Не почерпнуть ли стойкости на том истоптанном снегу с четко чернеющей ледовой дорожкой, словно кто-то продышал и проскреб в непроглядную ночь нечистое морозное стекло, - как раз у этой дорожки обращенный в кабана человек бешено мотал корпусом, пытаясь сбросить повисших на нем аллигаторов. Ып, ып, подкатила и откатила рвота, и Витя прислонился к стене за углом, уже сдаваясь, уже готовясь прекратить борьбу и сползти на снег.
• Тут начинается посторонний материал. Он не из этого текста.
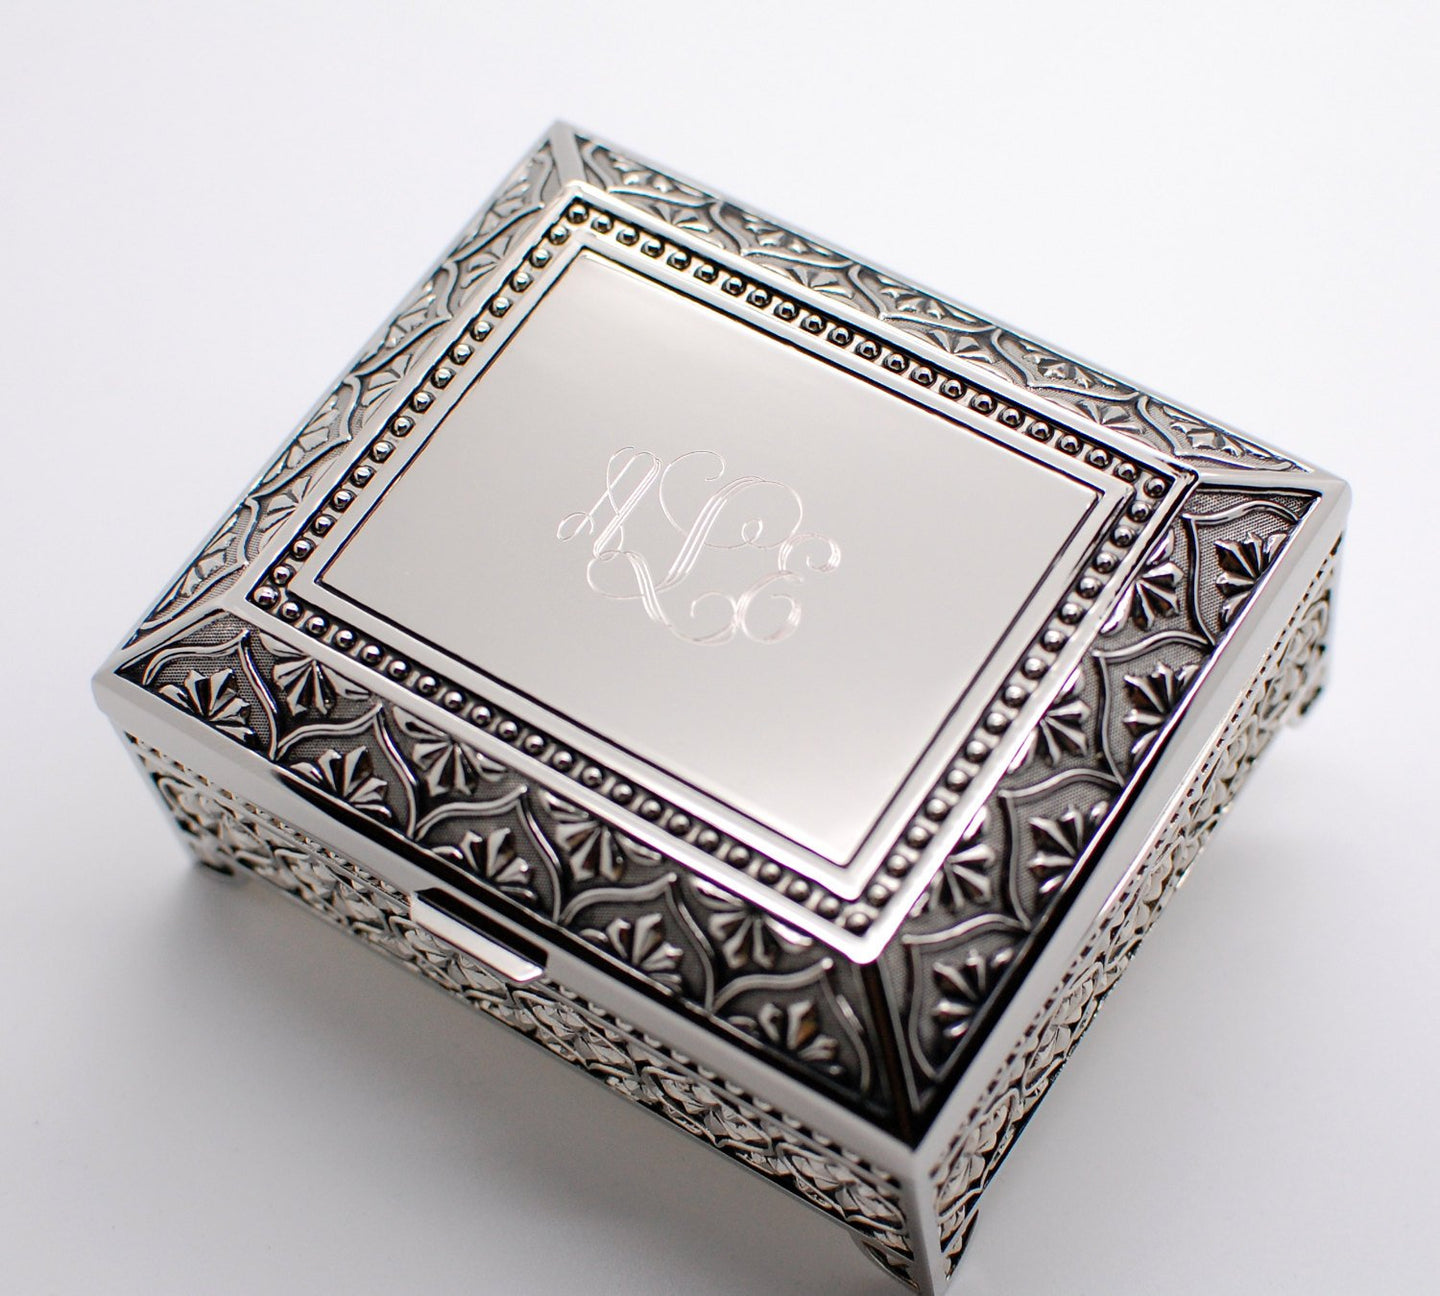 Monogrammed jewelry box - personalized jewelry box 4 Inch - Engraved keepsake box - Silver trinket box for wedding bridesmaid flower girls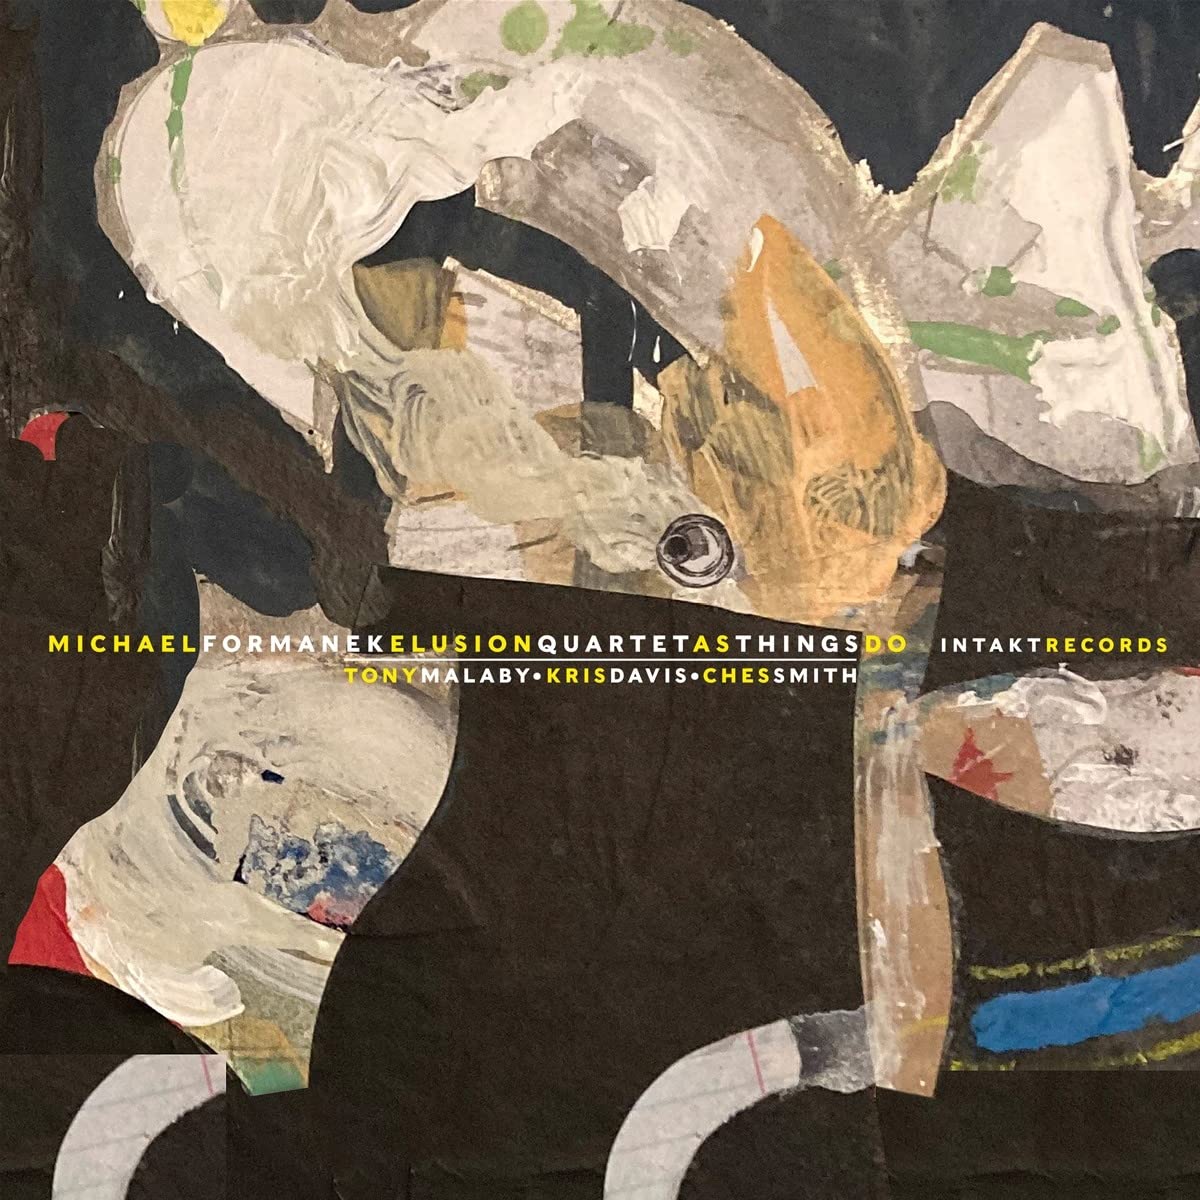 MICHAEL FORMANEK - Michael Formanek Elusion Quartet : As Things Do cover

И тут до него дошло, что с этим воспоминанием теперь ему придется жить до конца его хорошо бы короткой, но все равно необозримо долгой жизни...
Надо же смотреть, кому ты впаиваешь, впоследствии не раз пенял ему Юрка, ты же один раз и меня на...бнул, но Витя никогда не признавался, что в схватку он бросился с единственной целью - чтобы его поскорее убили. Промахиваясь, он шлепался на руки и, как кобель, несколько раз проскальзывал задними лапами, прежде чем ему удавалось вскочить, - но его все не убивали и не убивали. Последнее же, что ему помнилось, - сам превратившись в аллигатора, он висит на чьей-то спине, окаменело зажав локтевым сгибом чье-то горло, а его жертва рвется, выкручивается, но рывки ее все слабее, слабее... И вот ему уже приходится опускать ее на снег, стараясь, чтобы она не стукнулась затылком.
- Ну, клещ!.. - с одобрительным удивлением говорит ему взошедшее над исчезнувшим миром лицо Храпа, и зрители подобострастно смеются, а Витя прикладывает к разбитому носу и губам быстро пятнающийся снежок, видя, что так поступает Юрка.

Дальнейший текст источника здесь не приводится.